In the first option, the client application is responsible for adding graph objects and TTL properties to both Neptune and DynamoDB. In the second option, the responsibility is moved away from the client application. We combine Neptune Streams, a change data log for your Neptune database, with Lambda to write details of graph objects with TTL properties to DynamoDB. For both options, graph objects are stored in DynamoDB where we use the native TTL feature of DynamoDB to automatically invoke a Lambda function when records expire.

The first approach we discuss to implement TTL in labeled property graphs within your Neptune cluster is to assign a property to each node and edge that represents the time by which the object should be removed. For example, by adding the property key-value pair TTL: 1673620444, you can periodically issue read queries to collect the IDs of the nodes and edges that need to be dropped. An example Gremlin query is as follows:

g.V().has('TTL', lte(1673620444)).id()

Then you issue a query to drop those nodes and edges, for example, in Gremlin:

g.V('ID1', 'ID2', ... 'IDX').drop()

Although this method works, it can introduce inefficiencies, such as:

Dedicating compute resources to the drop queries – A query like g.V().has('TTL', lte(1673620444)) can result in buffer cache churn, which can affect the performance of other concurrent read queries. In addition, this type of query can result in the possibility of higher ConcurrentModificationExceptions due to the increased number of mutation queries. To avoid this, you need to dedicate a specific read replica to running the queries that find expired items.
Spending extra cycles on drop queries, to make sure items are expired within a certain time period past their defined TTL – Because the process of expiration follows a poll instead of push process, you need to manage the run of queries that find expired items on a schedule to make sure you find and clean up expired items within their allowed clean up window.

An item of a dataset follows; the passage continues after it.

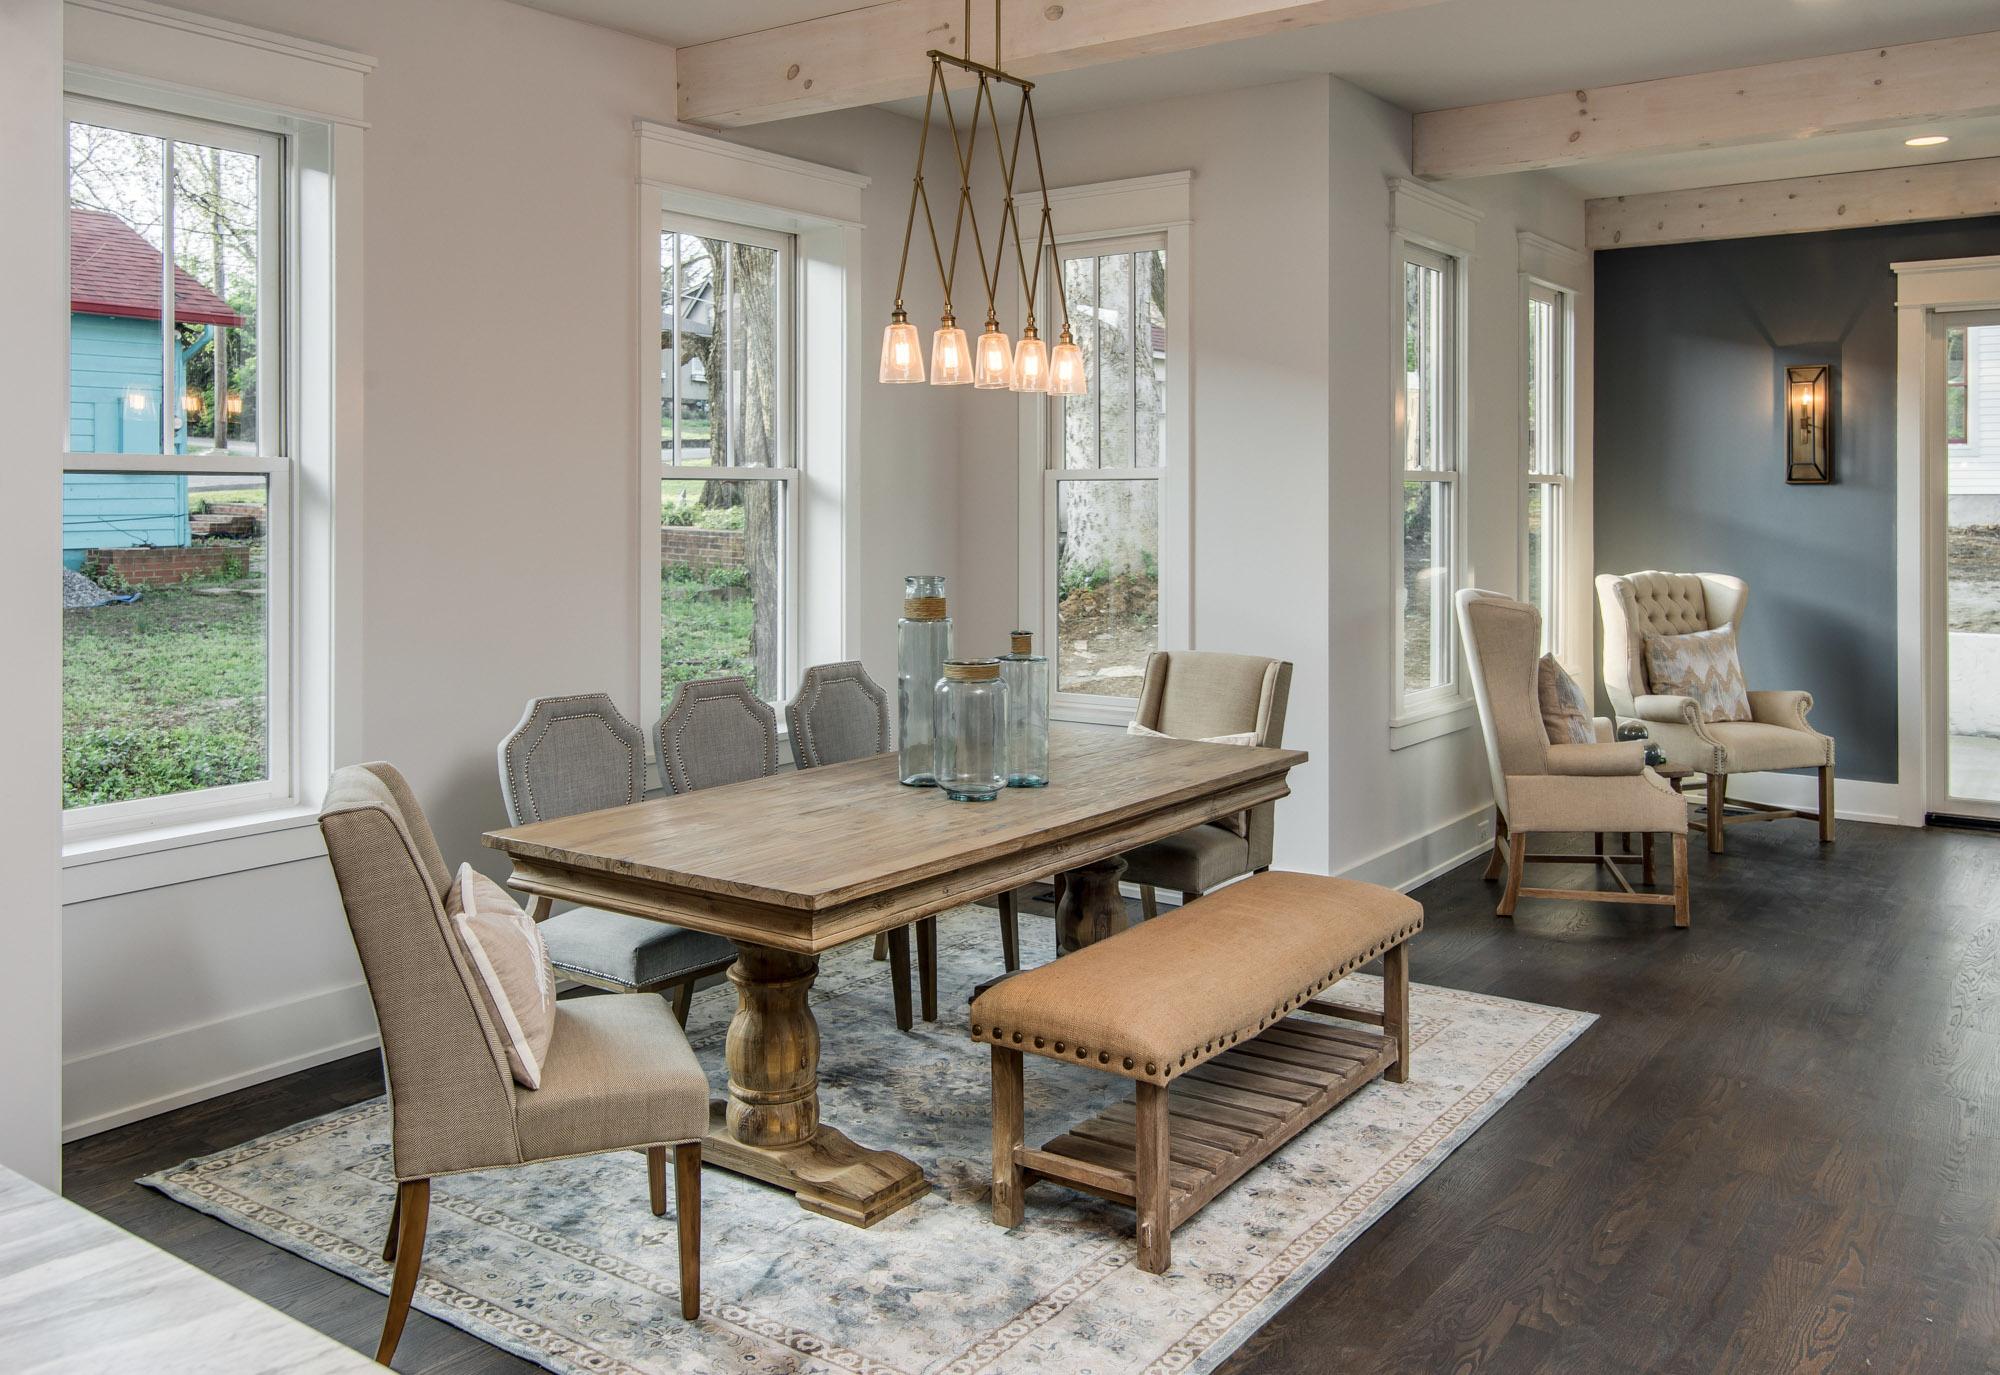 nashville-home-remodel-renovation-custom-home-tennessee-britt-development-group-1033.jpg

An alternative approach to implementing TTL in your Neptune database is to use additional services that natively provide similar functionality, for example DynamoDB, to automatically track changes to the database and manage the TTL process for you. Using DynamoDB, you can leverage its existing time to live feature to notify you when a record has expired, and then delete the object from your graph. Using these additional services to help manage the TTL process also expands TTL capabilities to expiring not only at the node or edge granularity, but expiring individual properties as well (which is not easily done using the manual method, because Neptune doesn’t support metaproperties, which are properties of properties).

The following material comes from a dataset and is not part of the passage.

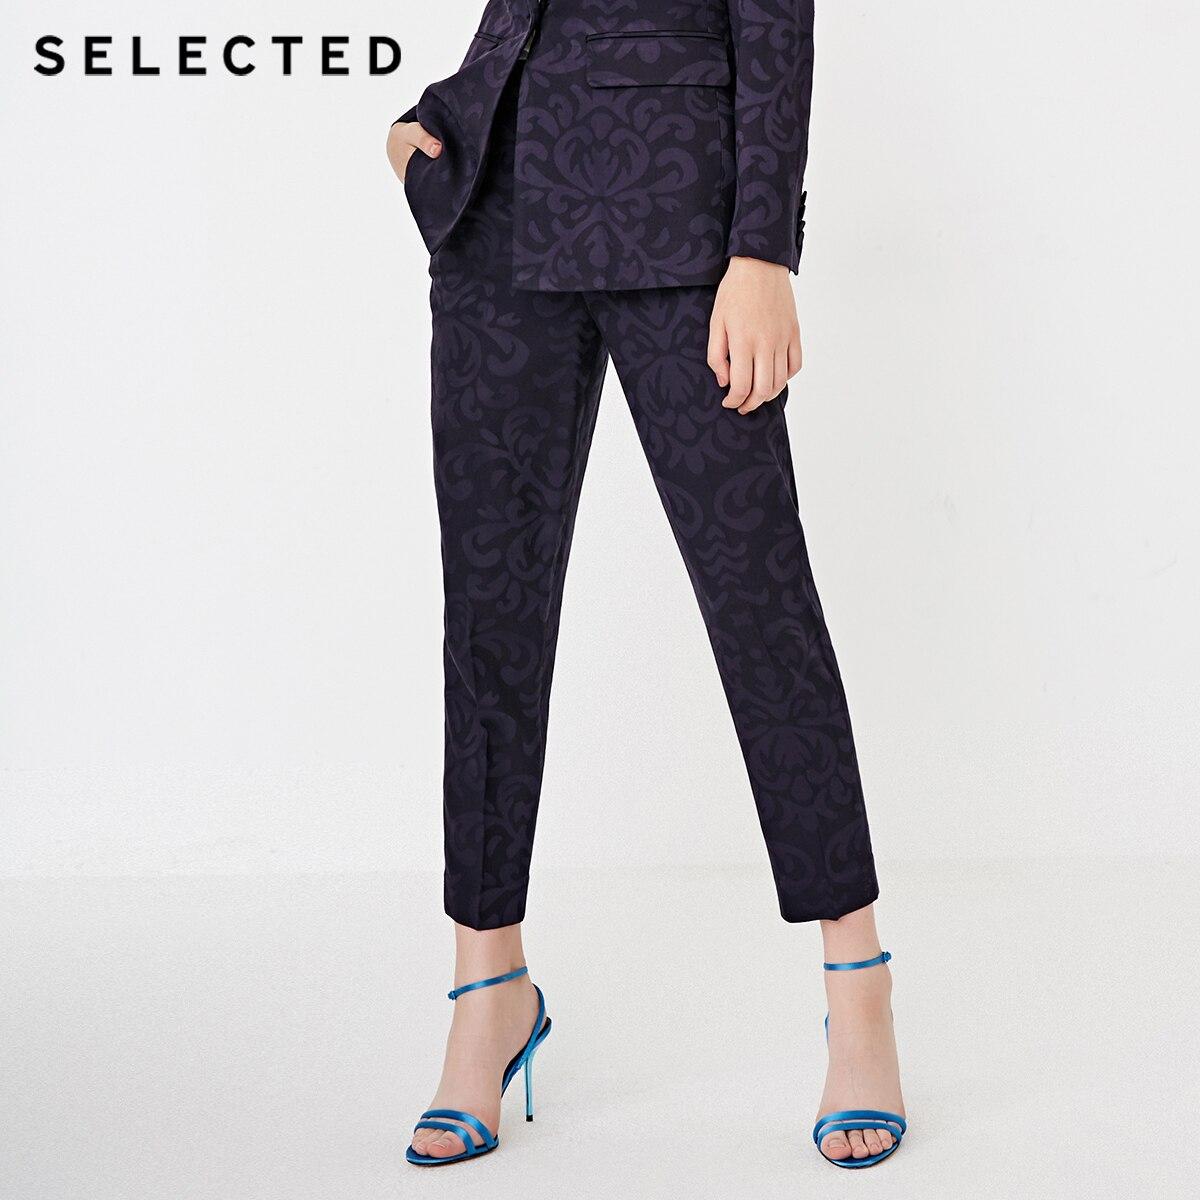 เลือกผู้หญิงฤดูหนาว Jacquard OL ธุรกิจสบายๆ Tapered กางเกง S  418414517-ใน กางเกงและกางเกงรัดรูป จาก เสื้อผ้าสตรี บน   1

Important: DynamoDB TTL is a background process, and it cannot guarantee when an item will be deleted. As stated in the documentation, DynamoDB TTL typically removes the corresponding items within a few days of expiration. This is due to variance in the size and activity level of a table.

Overview of solution

Here we will explore each option in more detail.

Option 1 – Synchronously update TTL in DynamoDB

In the first option, it is the responsibility of the client application to first write objects to the Neptune graph, and then write the resulting IDs of those objects, as well as its desired TTL value, to DynamoDB. We use a special tracking table in DynamoDB where TTL is enabled on the field containing the TTL expiration value. When DynamoDB expires items from our tracking table, we use DynamoDB Streams to detect the expiry and run a Lambda function that will remove the specified object from the Neptune database.

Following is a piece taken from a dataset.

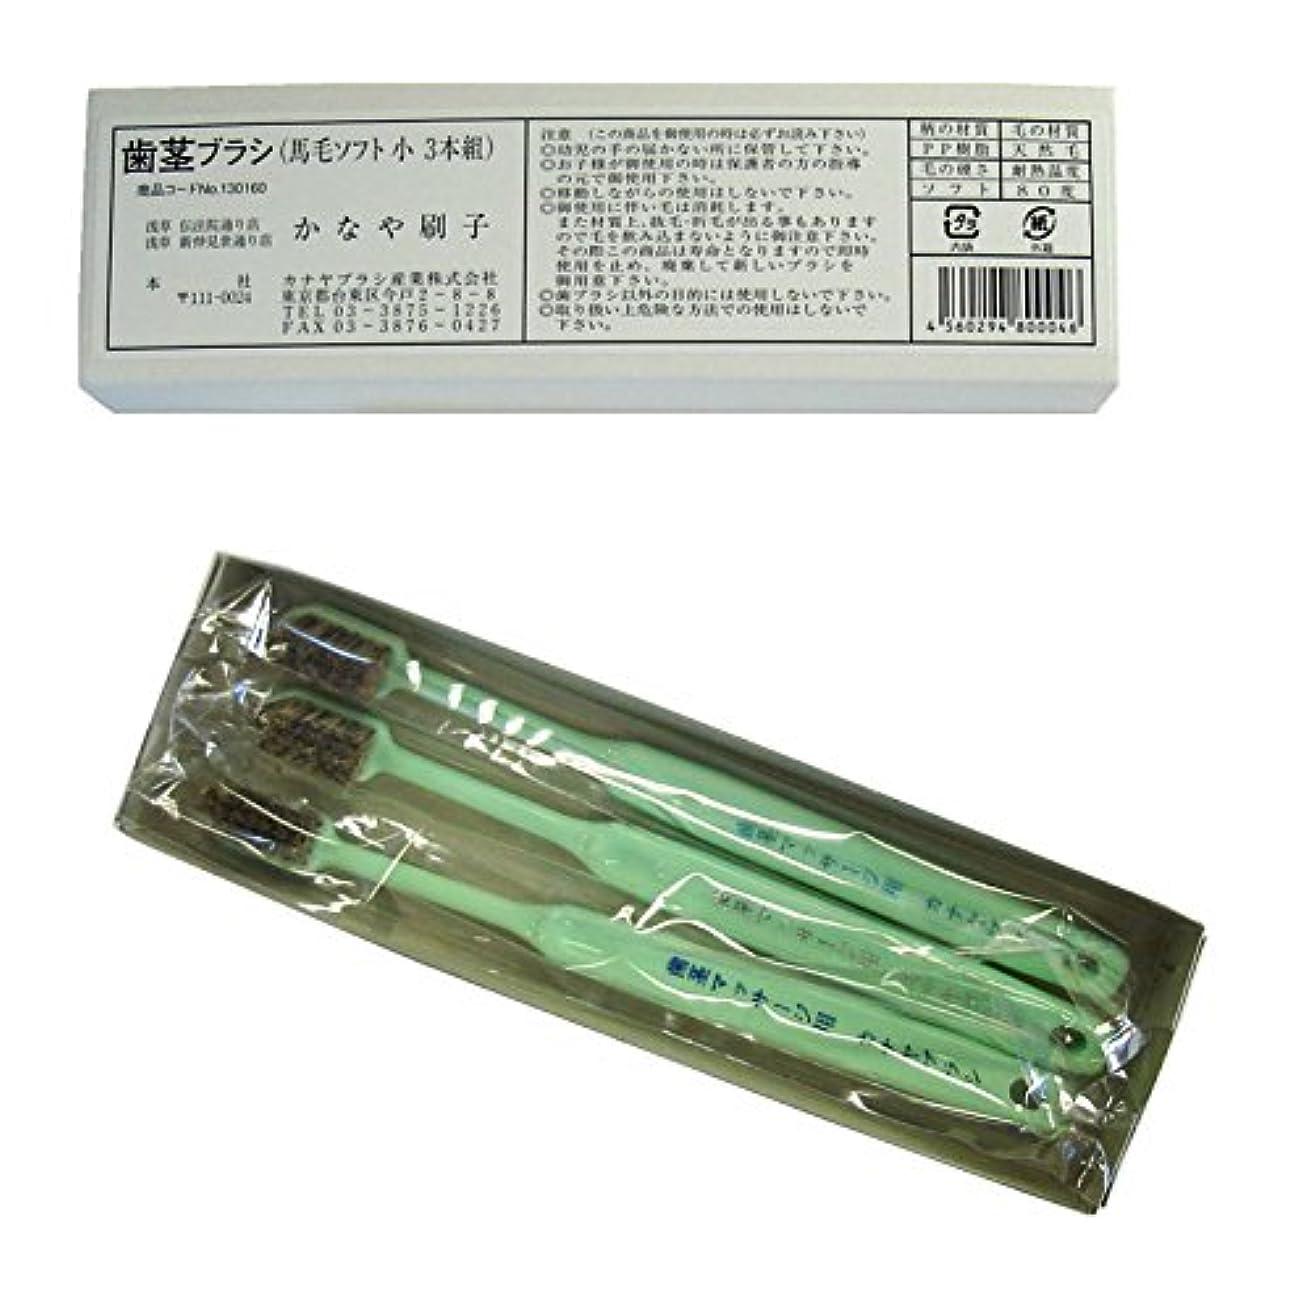 フラッシュのように素早く特許代理人馬毛歯茎ブラシ(3本入り) 絶品! カナヤブラシ製品 毛質:超ソフト

The following diagram illustrates the architecture.

Option 1 design

It’s recommended practice to build in back-off and retry mechanisms into the parts of your application that accesses data stores. For example, if the application fails to write to Neptune, you could use this approach to retry the request until it’s successful, and then continue writing the data to DynamoDB. If the write to DynamoDB failed, you can use the same approach to retry the request until its also successful.

Option 2 – Asynchronously update TTL in DynamoDB

In the second option, the client application is no longer responsible for writing data to our DynamoDB table. Instead, we enable Neptune Streams on the Neptune database cluster. Neptune Streams is a way of capturing up to the last 90 days of changes made to your graph data. For more information, refer to Using Neptune Streams.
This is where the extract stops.